The R&R was sent to the Parties, with a notice informing them of their right to appeal by way of filing "objections" within fourteen days of service of the R&R. Only plaintiff Dismuke has filed timely objections thereto (Doc. 100). Accordingly, this Court must undertake de novo review of the objected-to portions of the R&R. 28 U.S.C. § 636(b)(1)(B); FED. R. CIV. P. 72(b); SOUTHERN DISTRICT OF ILLINOIS LOCAL RULE 73.1(b); Govas v. Chalmers, 965 F.2d 298, 301 (7th Cir. 1992). The Court may "accept, reject, or modify the recommended decision." Willis v. Caterpillar Inc., 199 F.3d 902, 904 (7th Cir. 1999). In making this determination, the Court must look at all the evidence contained in the record and give fresh consideration to those issues for which specific objection has been made. Id. However, the Court need not conduct a de novo review of the findings of the R&R for which no objections have been made. Thomas v. Arn, 474 U.S. 140, 149-52 (1985). Instead, the Court can simply adopt these findings.
Accordingly, the Court will adoptthe R&R (Doc. 97) as its ruling pertains to plaintiffs Randle and Chabitch, and grant summary judgment in favor of defendants Vitale, Parker and Morrison, pursuant to their respective Motions for Summary Judgment (Docs. 43 & 84). It will now turn to plaintiff Dismuke's objections, offering a de novo review of the issues arising therefrom.
It appears Dismuke did file a grievance about the incident giving rise to his § 1983 claim, although the documented evidence offered by Defendants showed this grievance was ultimately denied as untimely, and that Dismuke had failed to provide justification for late consideration. Dismuke claimed that members of a TACT team at Southwestern Correctional Center performed strip searches of the Plaintiffs in the presence of a female, in violation of Plaintiffs' right to privacy. Further, Plaintiffs claim they were forced to sit on a gymnasium floor, "Indian-style," with their chins to their chests and arms behind their backs for two and a half hours, which they allege violated their Eighth Amendment right to be free from cruel and unusual punishment.

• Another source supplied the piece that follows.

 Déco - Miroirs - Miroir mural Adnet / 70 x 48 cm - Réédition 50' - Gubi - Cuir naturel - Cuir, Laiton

In his Objections (Doc. 100), Dismuke does not contest the R&R's finding that he failed to exhaust his administrative remedies. Instead, Dismuke maintains his argument that because the TACT team incident was a past, isolated incident, there would be no administrative remedy granted and thus, proceeding to exhaust his administrative remedies would be futile. In sum, Dismuke maintains that he should be excepted from the failure to exhaust requirement pursuant to Perez v. Wisconsin Dept. of Corrections, 182 F.3d 532 (7th Cir. 1999) (carving out exception where a prisoner's injury lies wholly in the past and no relief other than monetary compensation is conceivable), which Dismuke refers to as the "Perez exception" (Doc. 100, p. 2).

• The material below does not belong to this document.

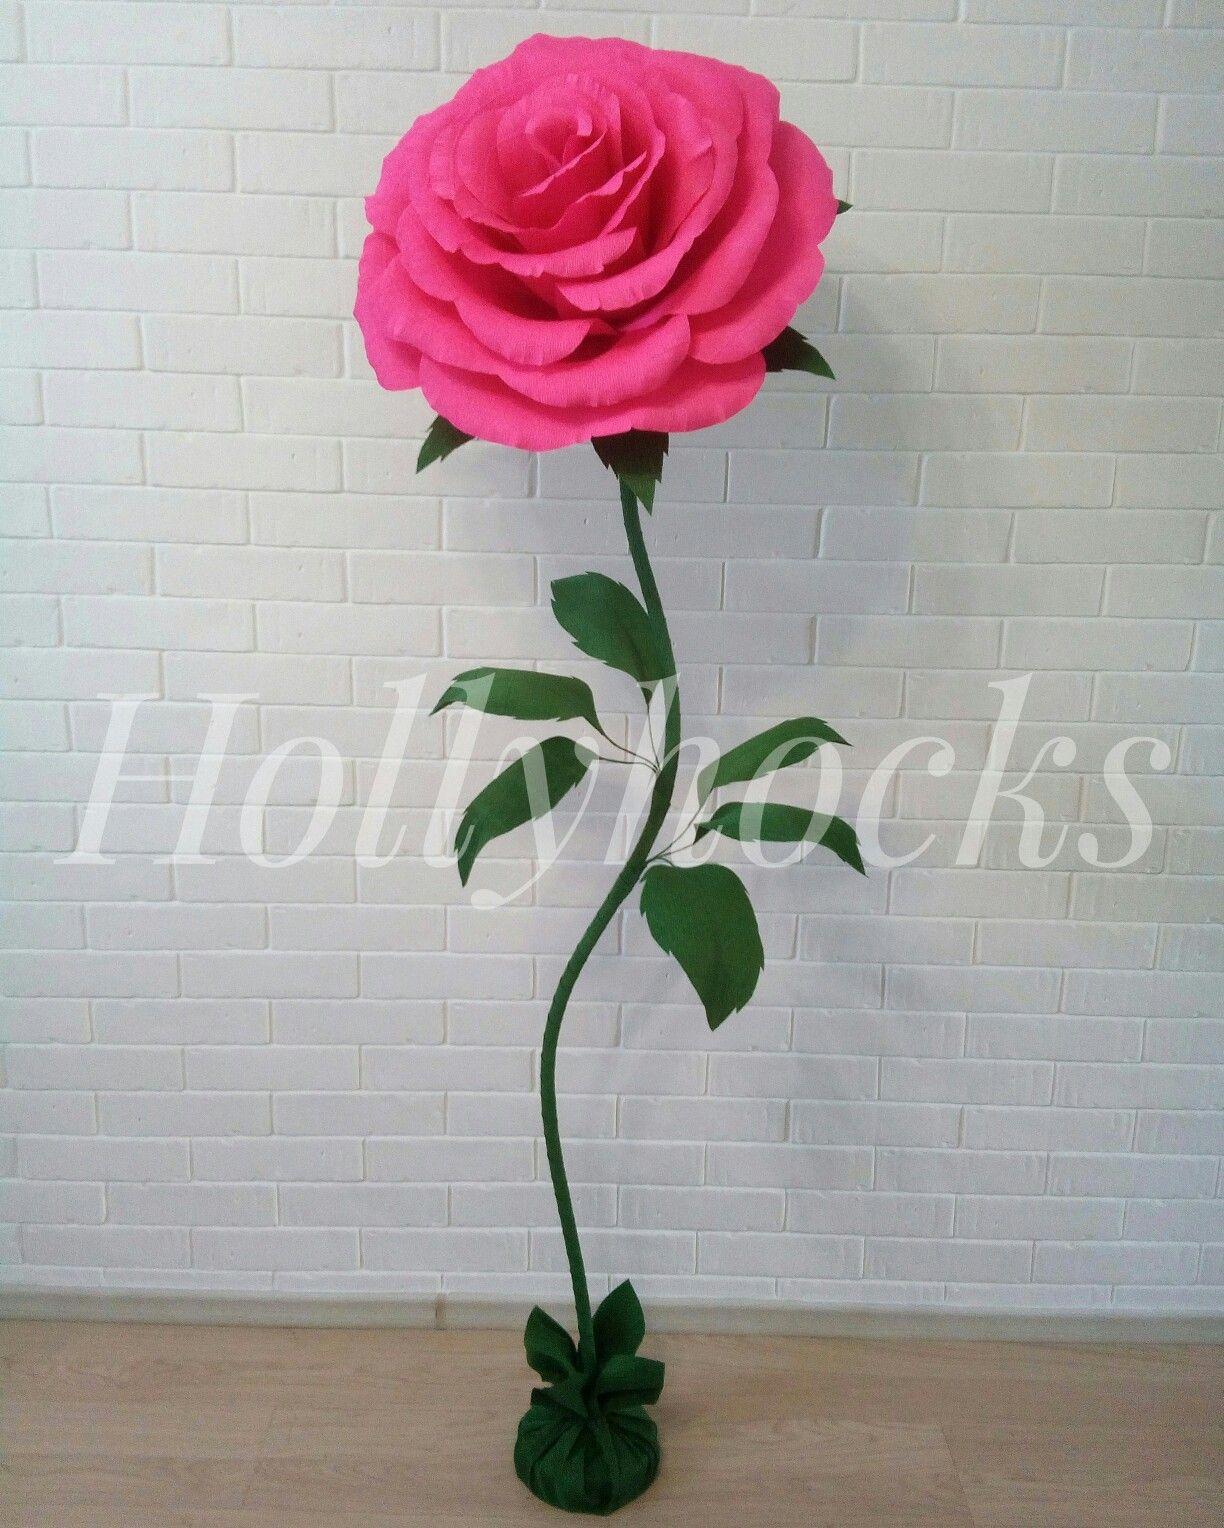 Pin De Gorobec Liliya Em Rostovye Cvety Flores Gigantes Arranjos

Summary judgment is proper where the pleadings and affidavits, if any, "show that there is no genuine issue as to any material fact and that the moving party is entitled to judgment as a matter of law." FED.R.CIV.P. 56(c); Oats v. Discovery Zone, 116 F.3d 1161, 1165 (7th Cir. 1997) (citing Celotex Corp. v. Catrett, 477 U.S. 317, 322 (1986)). The movant bears the burden of establishing the absence of fact issues and entitlement to judgment as a matter of law. Santaella v. Metro. Life Ins. Co., 123 F.3d 456, 461 (7th Cir. 1997) (citing Celotex, 477 U.S. at 323). In reviewing a summary judgment motion, this Court does not determine the truth of asserted matters, but rather decides whether there is a genuine factual issue for trial. Celex Group, Inc. v. Executive Gallery, Inc., 877 F. Supp. 1114, 1124 (N.D. Ill. 1995). This Court must consider the entire record, drawing reasonable inferences and resolving factual disputes in favor of the non-movant. Regensburger v. China Adoption Consultants, Ltd., 138 F.3d 1201, 1205 (7th Cir. 1998) (citing Anderson v. Liberty Lobby, Inc., 477 U.S. 242, 255 (1986)).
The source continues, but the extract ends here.